3- Including credibility, in deciding the issues of facts or laws.


It is essential for the judge to identify and set out the legal principles applied in arriving at the decision. There is generally no need for a lengthy dissertation in a first instance judgment, although there will be occasions in superior trial courts when judgment should contain a more expansive statement of law. Sometimes the formation of the question of law will be involved in, or overlapped by, the formulation of the question should be chosen carefully .only so much of it as expresses the proposition in question should be quoted. The manner of citing authorities for legal principles is a choice made by the judgment writer, and may depend on whether the judge’s court has adopted particular judgment writing guidelines or protocols.


As the beginning of the judgment introduces the subject matter, the conclusion should resolve each of the issues identified at the start. The ending should contain no new material, whether facts or legal which has not previously been discussed. Some judges choose to announce the result at the start of the judgment. Others, perhaps the majority, announce their decision at the end. Those who favour stating the decision at the beginning, justify doing so to ease the tension for those with an interest in the outcome of the case.

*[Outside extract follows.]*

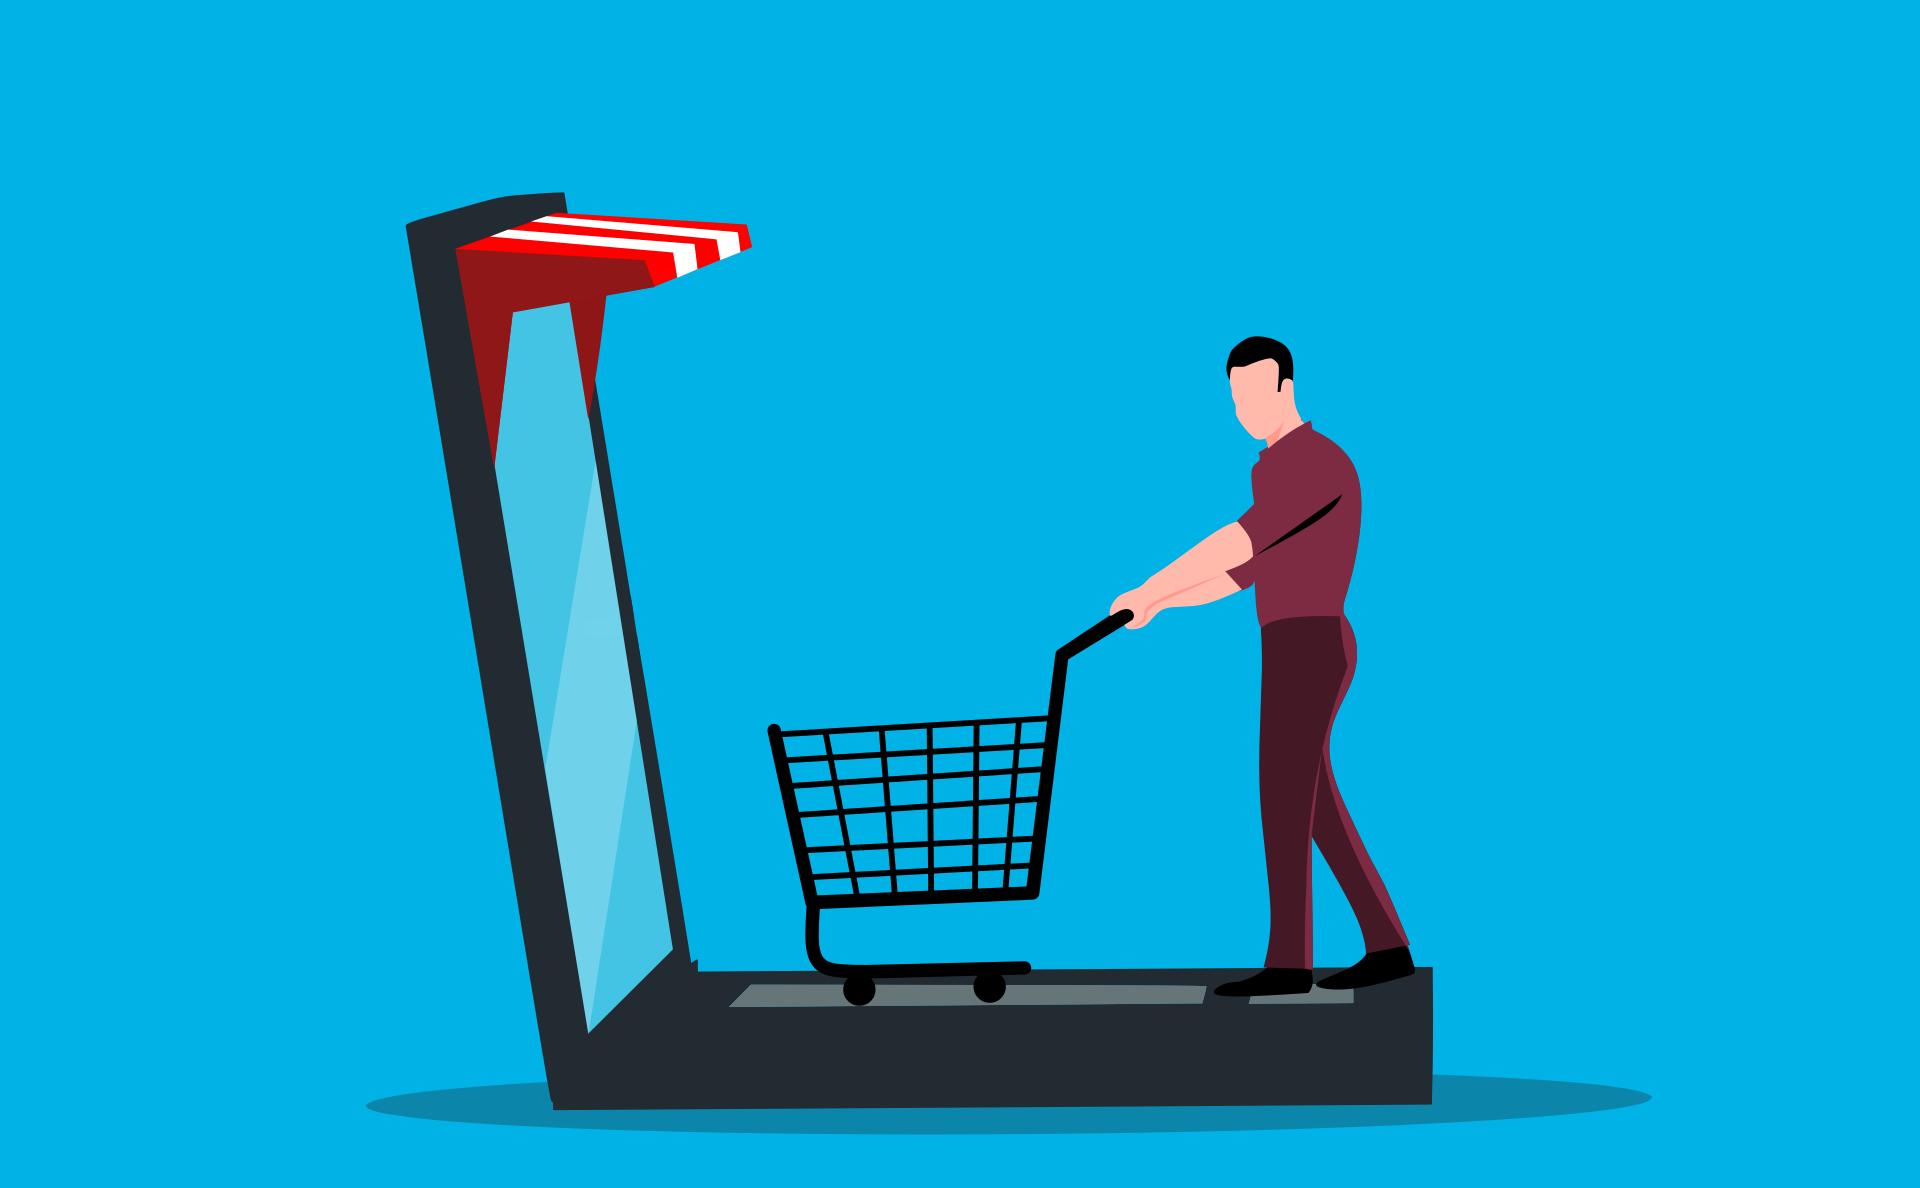 illustration of ecommerce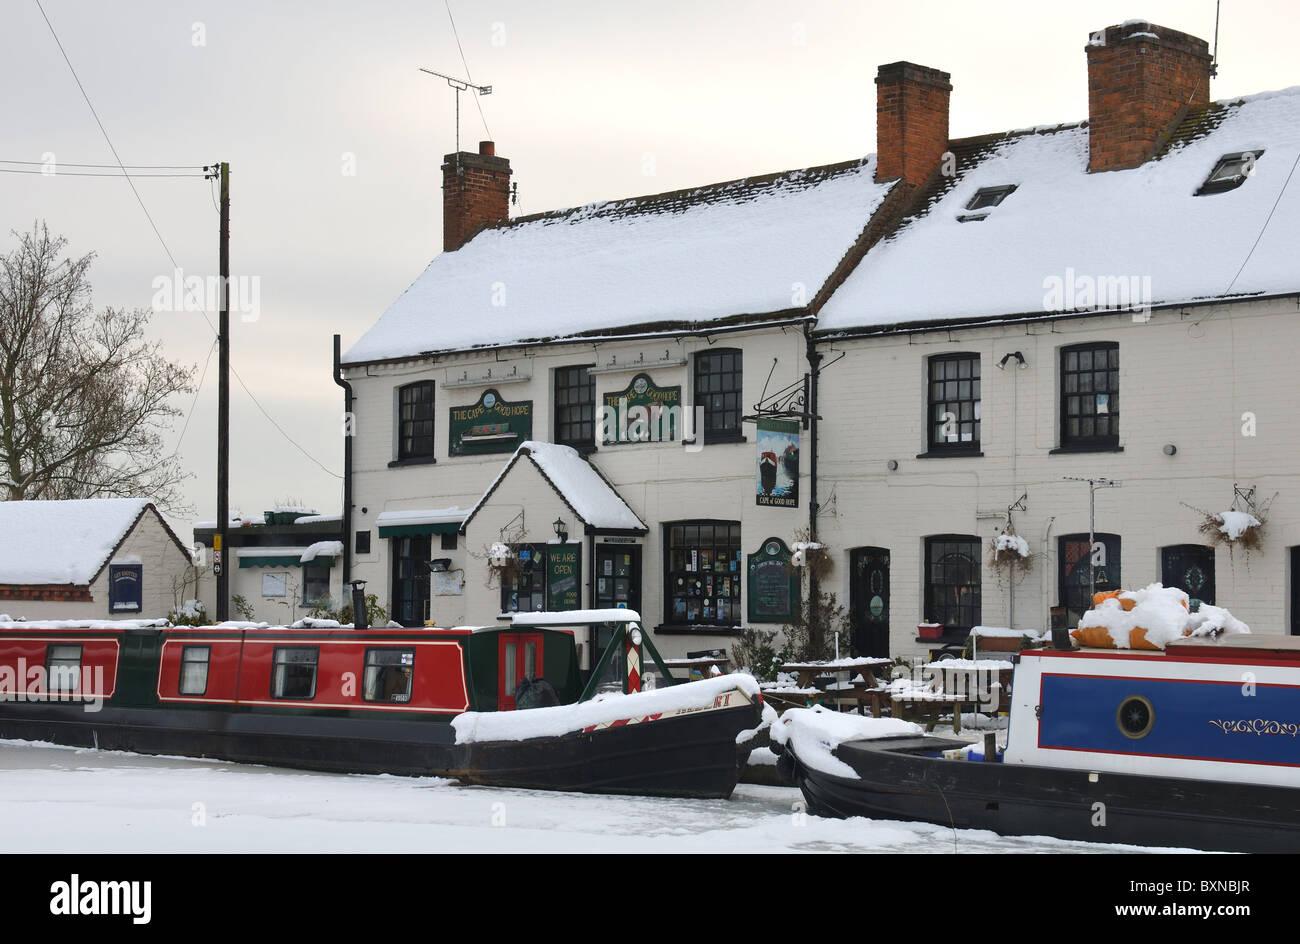 Le Cap de Bonne Espérance pub et Grand Union Canal en hiver avec la neige, Warwick, Royaume-Uni Photo Stock

Use plain language- judgment should be easy to read. The use of plains, everyday language helps to achieve this. Unless there is a need for it, technical language and legal jargon should be avoided.

Simplify paragraph and sentence structure and composition – in composing judgment careful through should be given to both paragraph and sentences structure and composition.

Paragraph can also vary in length, from as short as one Sentences, too many sentences.

Using paragraph heading and sub-headings- it is increasingly common to see a numbered paragraph in judgments, and for heading and sub-heading to be used. Using heading or sub-headings is also helpful to those seeking to find a particular part of a judgment. Use the active rather than passive voice.

Avoid Latin expressions, redundancy and legalese- although a judgment is a legal decision, resorting to formal language, including Latin phrases or expressions, should be avoided, unless there is a good reason to use such language or phrases. Some Latin expressions have become part of everyday language and their use cannot be avoided, forex- affidavit, quorum, etc. by writing clearly and concisely, the subject matter being discussed should be apparent, without resort to these expressions. It is tempting to explain the reasons for a decision by references to the complicated nature of the proceeding or the issues to be resolved. Judges must carefully consider the evidence and the competing submissions made on behalf of the parties.


It is commonly said that there is no such thing a good writer, there is only good rewriting. Preparing a draft judgment is hard work. But the hardest work begins when the draft judgment is finished. Good editing ensures that a judgment is lucid, thorough, coherent, concise and has transparent reasoning. It identifies flaws, such as the use of discriminatory language. Of course, time is a factor in determining how much editing is possible. But even when a decision must be delivered urgently, some editing is still required, especially to ensure that the decision covers all the issues raised for determination .the more a judgment is edited or revised, better it will be, within reason.


For most judges, preparing judgments is the most demanding, challenging and even part of judicial life. But with the clarity that flows from sound structure and style, the writing process is likely to be more streamlined and judgments are likely to be shorter. For time-poor judges, with the pressure of case upon case, it is an attractive spin-off that judgments which are easier to read are likely to be easier to write.